Baca berita dengan sedikit iklan, klik di sini

Arsip

Cerita dari Kamp Buchenwald

Nazi membangun ratusan kamp yang tersebar di hampir seluruh Eropa. Bekas tangsi militer, gudang kosong, istana kuno.

18 September 2006 | 00.00 WIB

Image of Tempo
Perbesar

Baca berita dengan sedikit iklan, klik di sini

Setelah dipindahkan ke Buchenwald, aku memperkirakan bahwa tidak mempunyai harapan lagi untuk dibebaskan, kecuali Jerman dikalahkan Sekutu dalam perang. Namun, menurut perkiraanku itu tidak akan terjadi dalam waktu yang singkat…. Aku harus siap untuk ditawan beberapa tahun. Itu pun kalau aku tidak terbunuh….

Parlindoengan Loebis melukiskan kecamuk dalam batinnya tatkala tiba di kamp konsentrasi Buchenwald, Jerman. Saat itu awal April 1942, Parlindoengan bersama sekitar 100 orang tawanan diangkut dari Amersfoort, sebuah kamp konsentrasi Nazi di Belanda, dengan kereta api kelas tiga.

Kegelisahan Parlindoengan yang dituangkan dalam otobiografinya itu memang tak mengada-ada. Setidaknya, hampir setiap pekan puluhan tawanan mati akibat sakit dan kelaparan di kamp konsentrasi Buchenwald. Sejak menampung tawanan pada 1937 hingga 1945, lebih dari 56 ribu korban menemui ajal di kamp konsentrasi yang terletak di pinggiran Kota Wiemar itu.

Buchenwald merupakan satu di antara kamp konsentrasi utama di Jerman. Sejak 1933 Nazi mulai membangun kamp-kamp konsentrasi kecil, sebagian besar terletak di sekitar Berlin. Tempat yang digunakan adalah bekas tangsi militer, pabrik yang sudah ditinggalkan, bekas gudang, dan bekas istana kuno. Puluhan kamp itu digunakan Nazi untuk menyekap lawan-lawan politiknya. Khususnya orang komunis, juga yang dicap komunis.

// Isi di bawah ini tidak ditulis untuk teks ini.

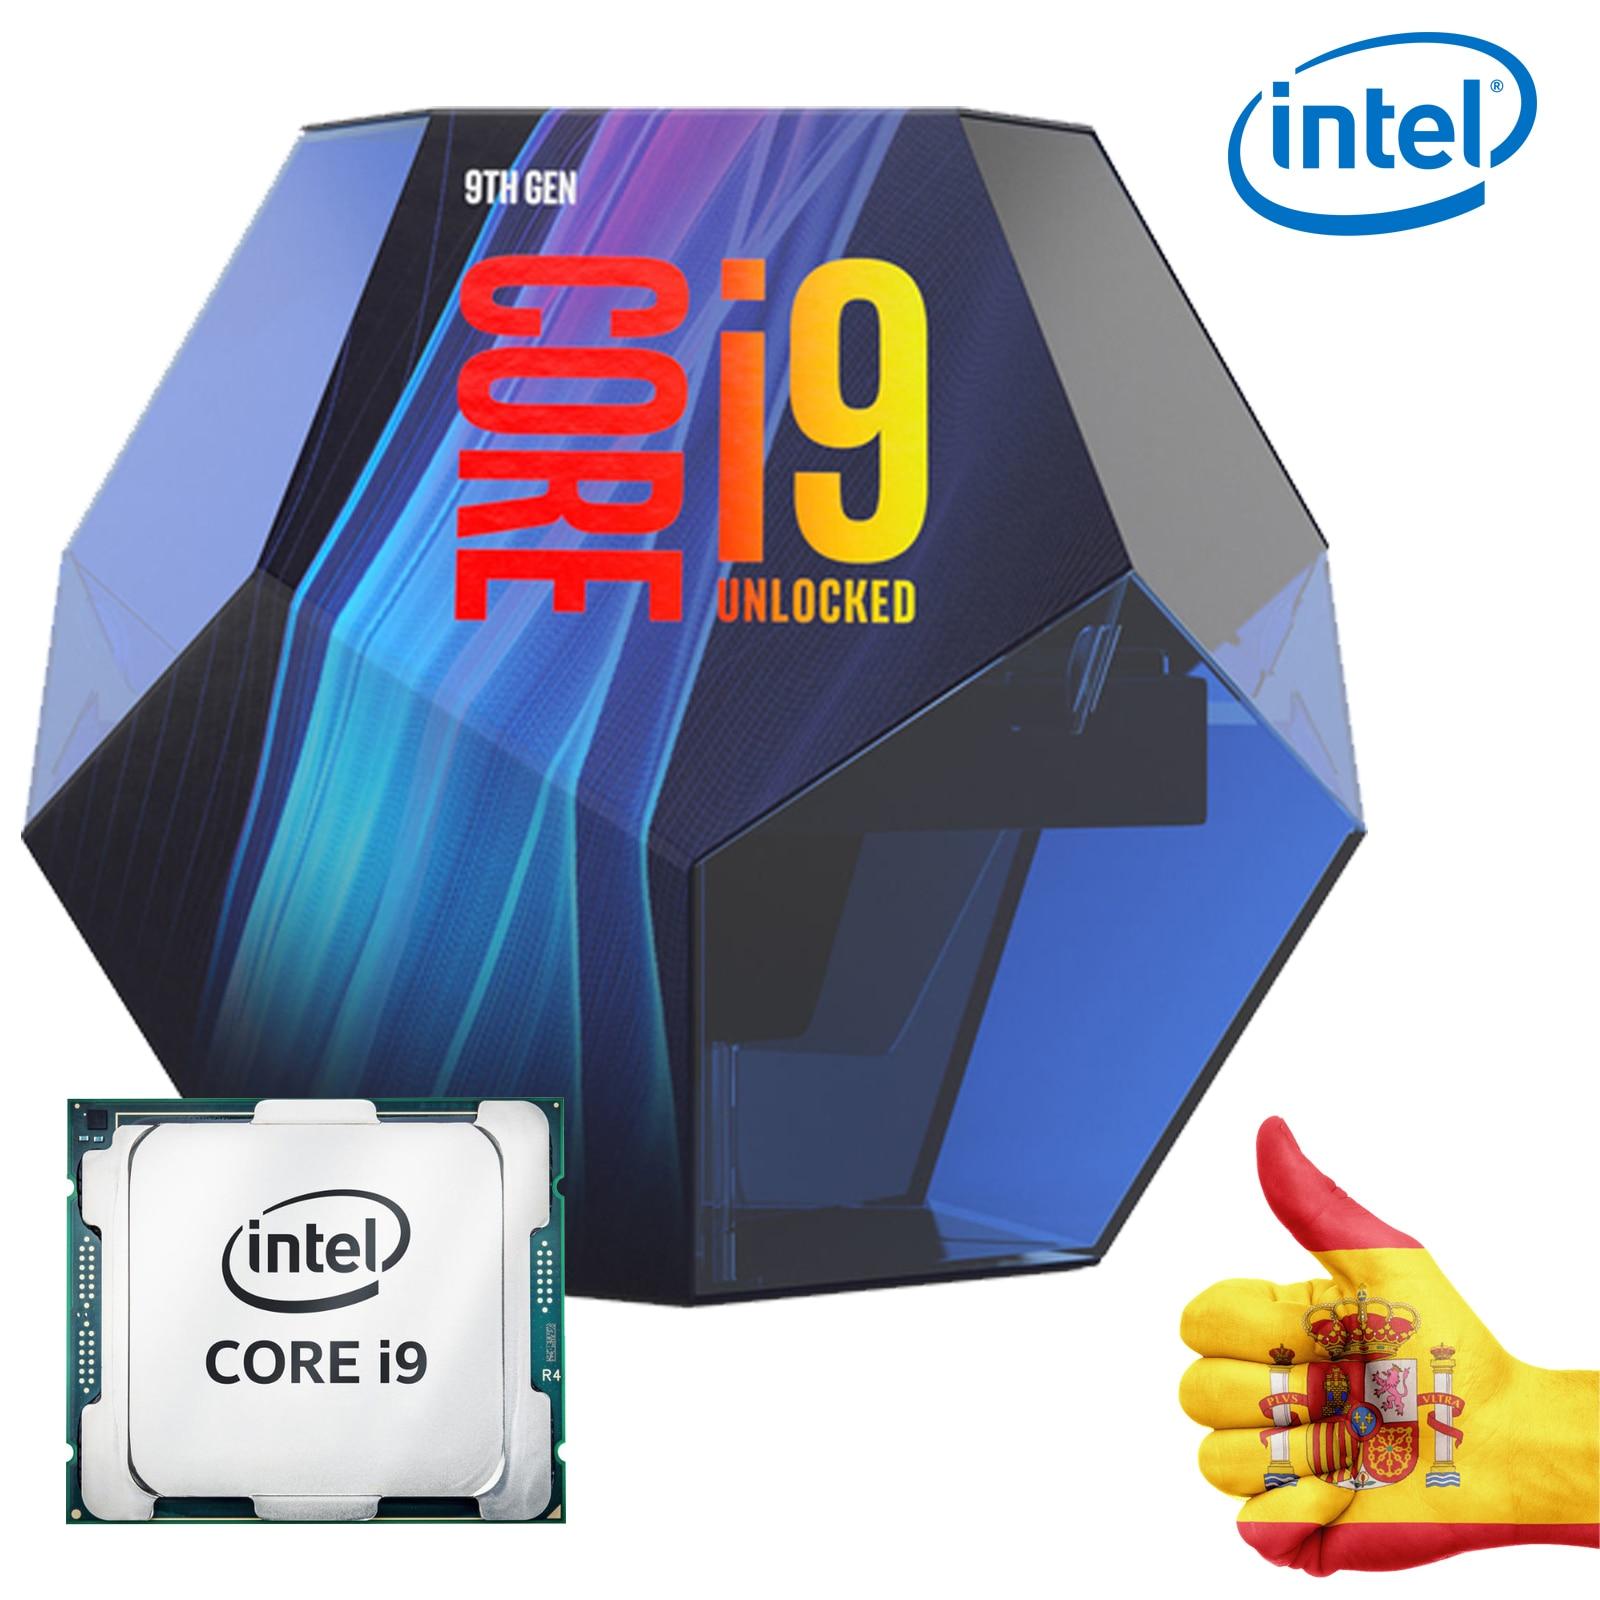 Intel Процессор CORE I9-9900K 3,60 ГГц 16M LGA1151 BX80684I99900K 999J2X 984503

Kamp Buchenwald mulai dibangun pada musim panas 1937. Buchenwald, sekitar 300 kilometer dari Frankfurt, merupakan kawasan hutan di kaki bukit Ettersberg, Wiemar, Jerman Tengah. Selama berabad-abad Wiemar dikenal sebagai kota budaya. Di kota itulah pujangga Wolfgang van Goethe dan komponis Johann Sebastian Bach bermukim.

Sekitar 1.400 tawanan yang didatangkan dari beberapa kamp konsentrasi di Jerman dikerahkan untuk membuka hutan. Mereka kemudian membangun barak-barak dari kayu dan batu bata berwarna kelabu. Kamp yang terdiri dari 174 sub-kamp itu dikelilingi pagar kawat berduri beraliran listrik tegangan tinggi. Juga ada menara pengintai yang dijaga tentara SS (Schutz Staffel), pasukan khusus Nazi.

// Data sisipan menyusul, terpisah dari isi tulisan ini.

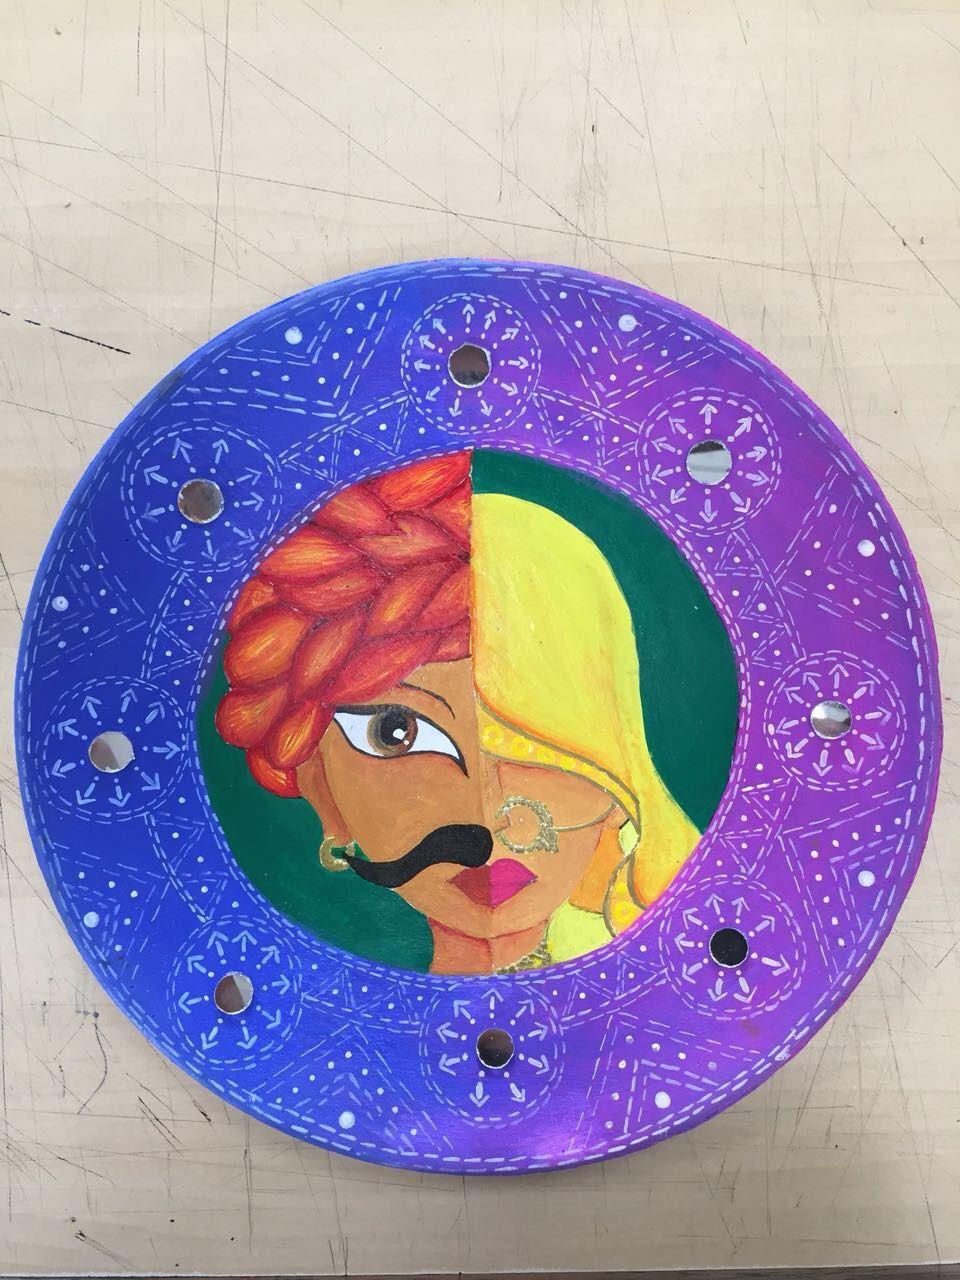 Painting On Earthen Plate Tawa Art Earthenware Acrylic Acrylicpainting Mirrorwork Indian Indi Disney Art Diy Mixed Media Art Canvas Folk Art Painting

Awalnya, Buchenwald digunakan sebagai tempat menahan lawan-lawan politik Nazi. Tapi belakangan kaum Yahudi, gipsi, homoseksual, dan residivis dijebloskan ke kamp konsentrasi itu. Paling tidak, sekitar 250 ribu orang dari berbagai negara pernah ditahan di kamp itu hingga berakhirnya Perang Dunia II.

Hari-hari di kamp Buchenwald dilewati para tawanan dengan kerja paksa. Sepanjang 16-18 jam per hari mereka sebagian besar dipekerjakan di pabrik dan pertambangan. Sisanya bekerja memecah batu-batu dari gunung di sekitar kamp. Pagi-pagi buta mereka digiring ke tempat kerja paksa dan kembali larut malam.

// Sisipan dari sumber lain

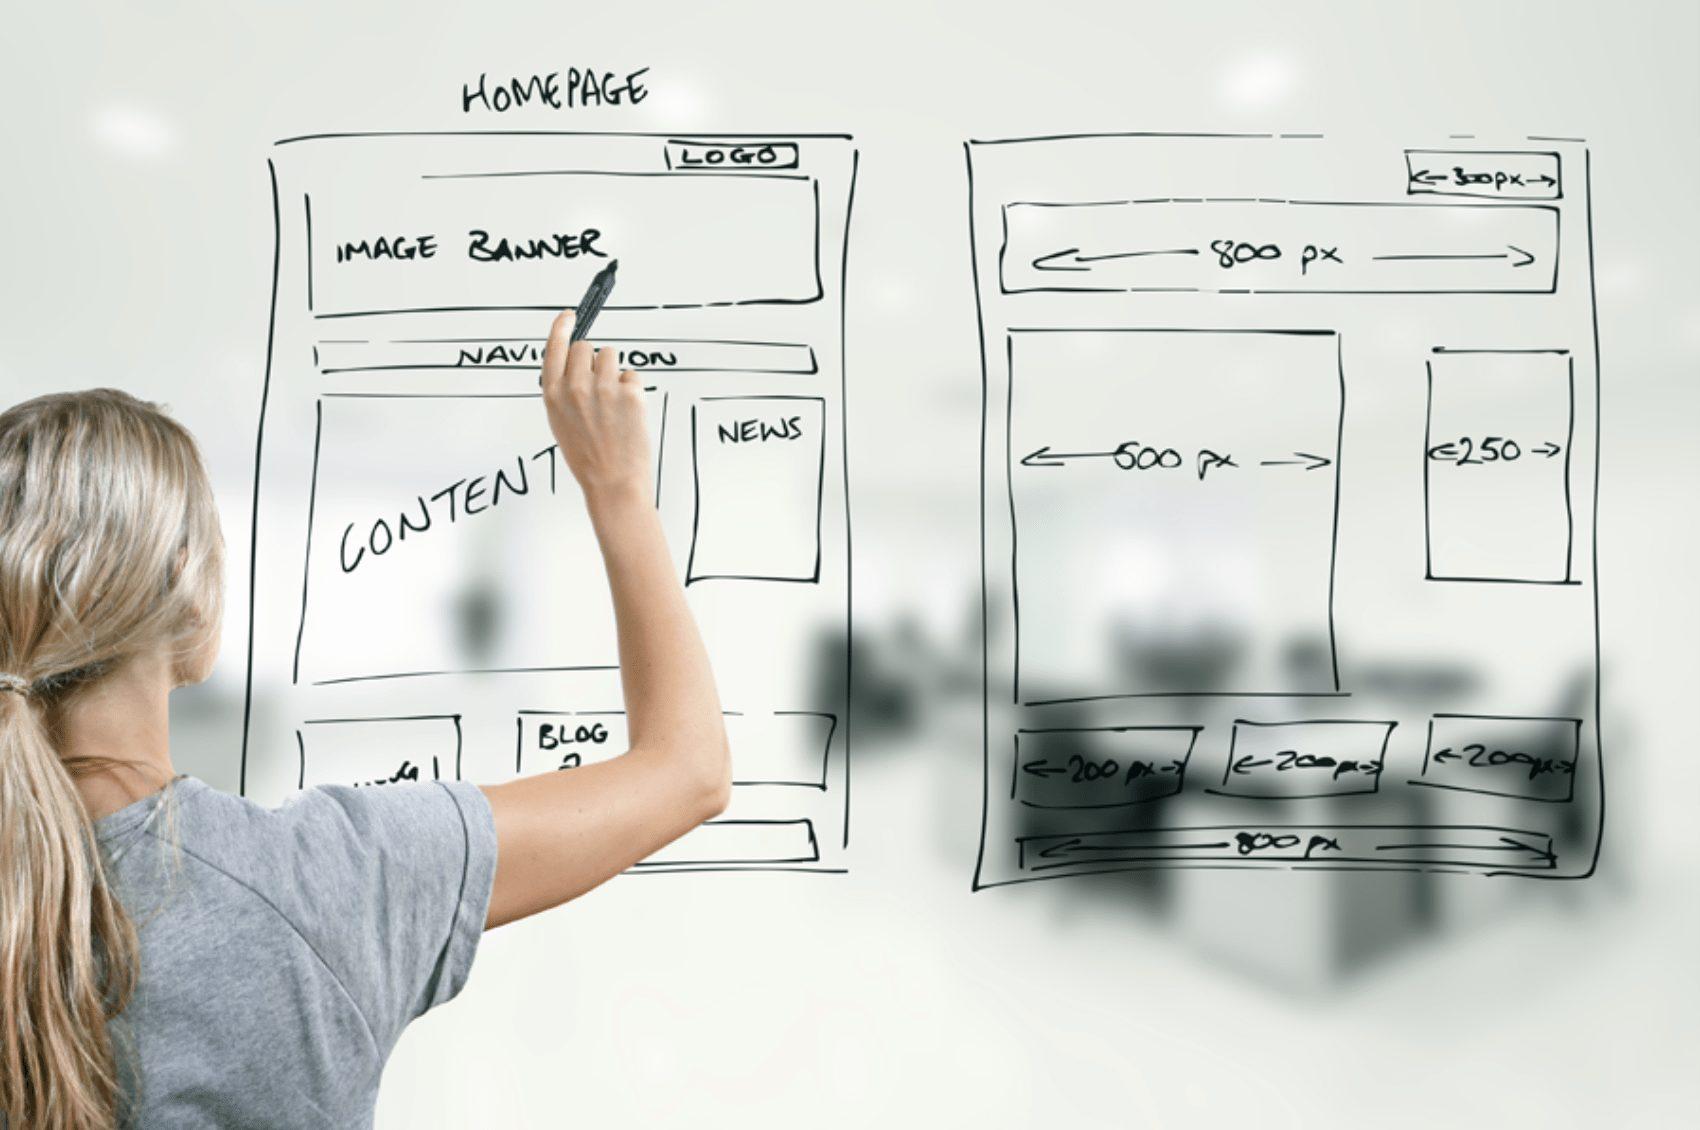 16 Tips For Choosing A Web Design Company - Web Design Ideas- Spade Design

Dengan pekerjaan seberat itu, para tawanan hanya mendapat jatah makanan sangat minim. ”Pagi-pagi dapat roti kurang-lebih 400 gram, bubur dan kopi pakai gula kurang-lebih 400 cc. Kopi yang diberikan itu sebenarnya bukan kopi, melainkan dibuat dari sejenis padi,” tulis Parlindoengan.

Siang sekitar pukul 11.00, mereka mendapat sup dengan satu atau dua kentang di dalamnya. Dan malam sehabis kerja hanya mendapat kopi. Terkadang dapat juga margarin dan selai kurang-lebih 120 gram. ”Makanan itu kalau dibandingkan dengan pekerjaan yang dilakukan dan cuaca yang dingin sangatlah tidak mencukupi,” Parlindoengan menambahkan.

Yang lebih mengenaskan, bila para tawanan kerja paksa jauh di luar kamp. Para tawanan dilarang melewati garis yang telah ditentukan. Bila melanggar, akan ditembak pasukan SS yang mengawasi mereka. Parlindoengan menyimak: banyak juga tawanan yang memanfaatkan itu untuk bunuh diri. ”Mereka dengan sengaja melewati garis itu supaya ditembak mati dari belakang.”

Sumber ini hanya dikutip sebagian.